5.03.2011

harper majority: first mourn, then organize

This isn't the outcome we wanted.

For many of us, it's the outcome we feared. For me, the outcome of the 41st Canadian federal election is a mixture of hope and fear.

I have hope, because millions of Canadians wanted change - and they wanted change from the left. I have hope, because I believe Jack Layton and his caucus will do whatever they can do fight for our rights and our needs.

I have fear, too. But my fear is not Stephen Harper. My fear is Canadians. Will we acquiesce to whatever Stephen Harper dishes out? My fear is that he will dish it out and Canadians will lie down and take it.

Are you prepared to fight for the Canada you want to live in? We must accept our responsibility to this country and to the greater good - and to ourselves - to speak out, to protest, to agitate in every way we know how. We can't do it in isolation and we can't do it only by sitting at our keyboards or clicking on Facebook pages. We need collective action.

Last year, Scott Walker was elected Governor of Wisconsin and he set out to destroy the state's public sector. And this year, the capitol building in Madison was occupied for weeks on end. Teachers, janitors, nurses, postal workers stood shoulder to shoulder in solidarity. Farmers drove to Madison on their tractors. The uprising spread to other states. It captured the imaginations of people around the globe, it stirred the hearts of revolutionaries in Egypt. State legislators fled the state in an act of civil disobedience that could never have been predicted.
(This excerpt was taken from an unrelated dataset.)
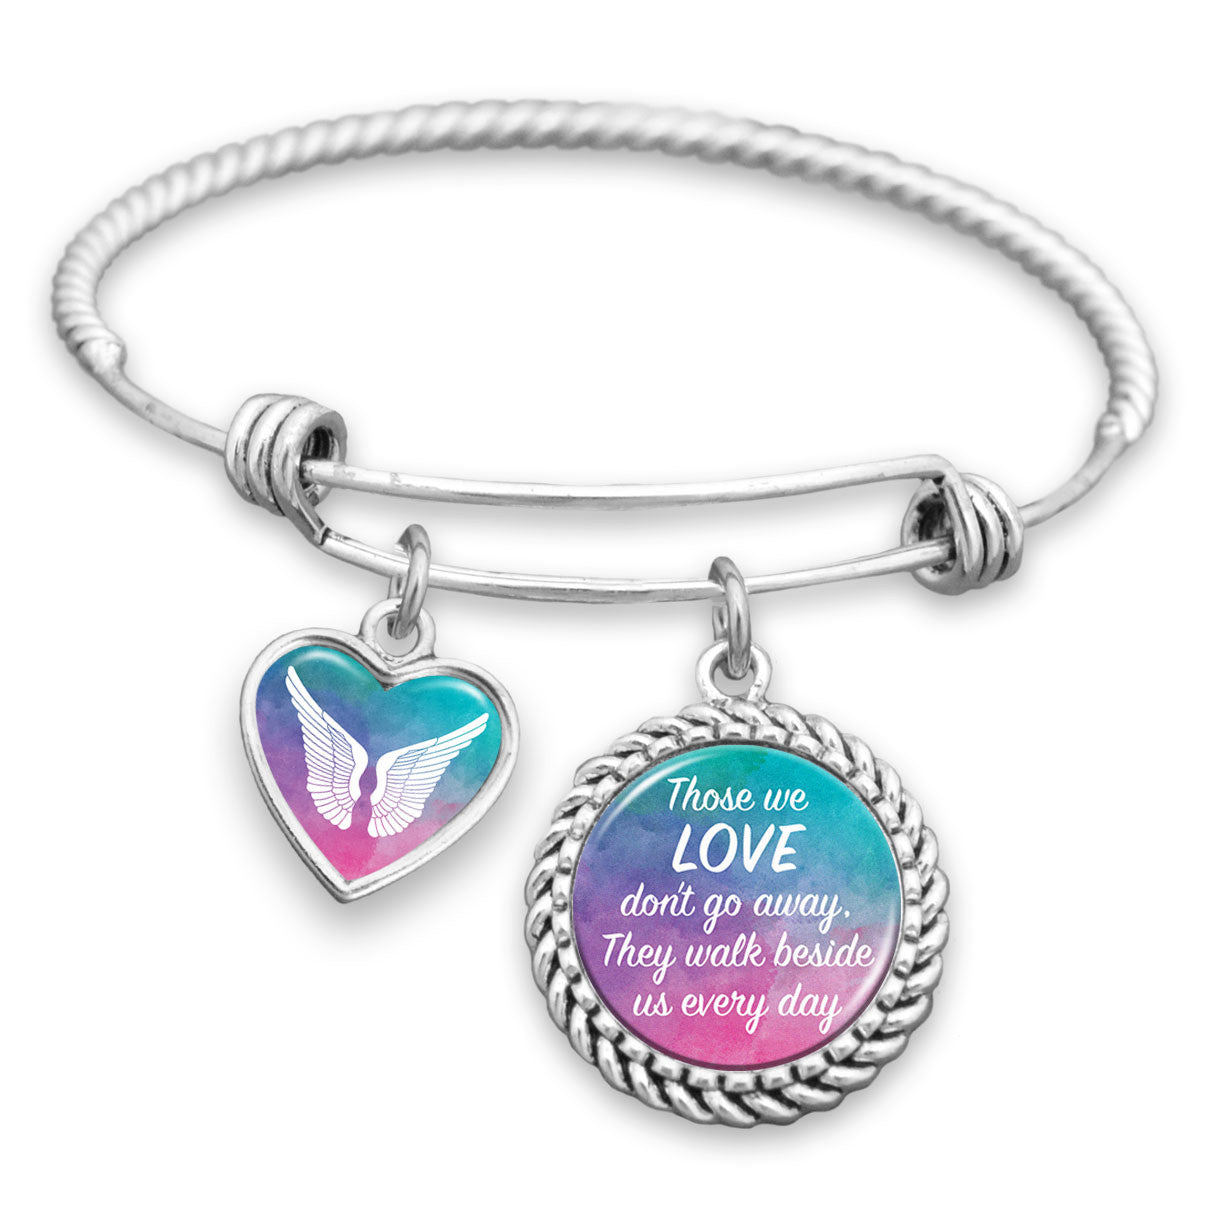 Those We Love Don't Go Away, They Walk Beside Us Every Day Charm Bracelet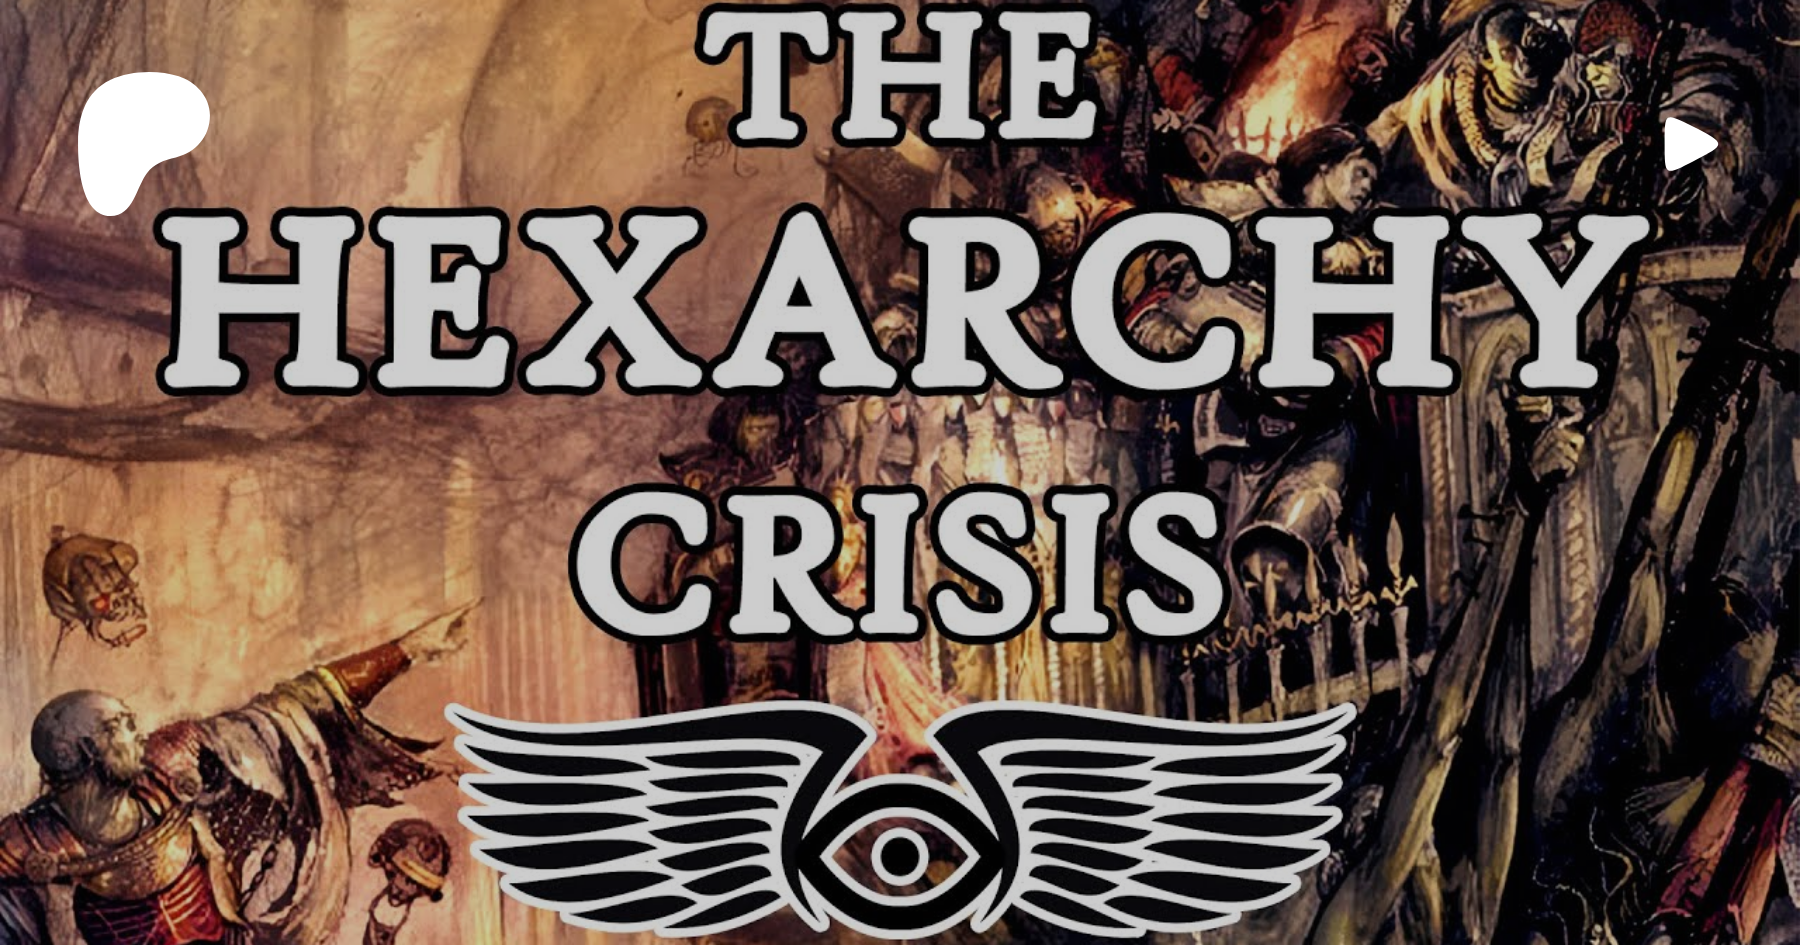 midnat Portico Brokke sig The Hexarchy Crisis | Oculus Imperia on Patreon

I always hear about Mike Harris' Ontario, also a majority, and a nightmare for public services. But my friends who've been in Canada longer than me talk about a string of general strikes that nobody believed was possible, much like Wisconsin.

A Harper majority has the potential to change in Canada in ways we deeply fear. If that fear causes us to retreat into our own little worlds of entertainment and complaint, we may well be doomed. But if we take our fear - and our anger - and channel it into action, we may save ourselves and this country.

Don't tell me it won't matter, can't work, will never happen. Canadians are so full of "can't" and "will never". Ever since I moved to this country, I've been hearing that the NDP will never form the government, will never even be the official opposition. We've already seen one of those disproved.

None of us knows the future. But I know this: do nothing, and there will be no result.

Get up. Stand up. Don't give up the fight.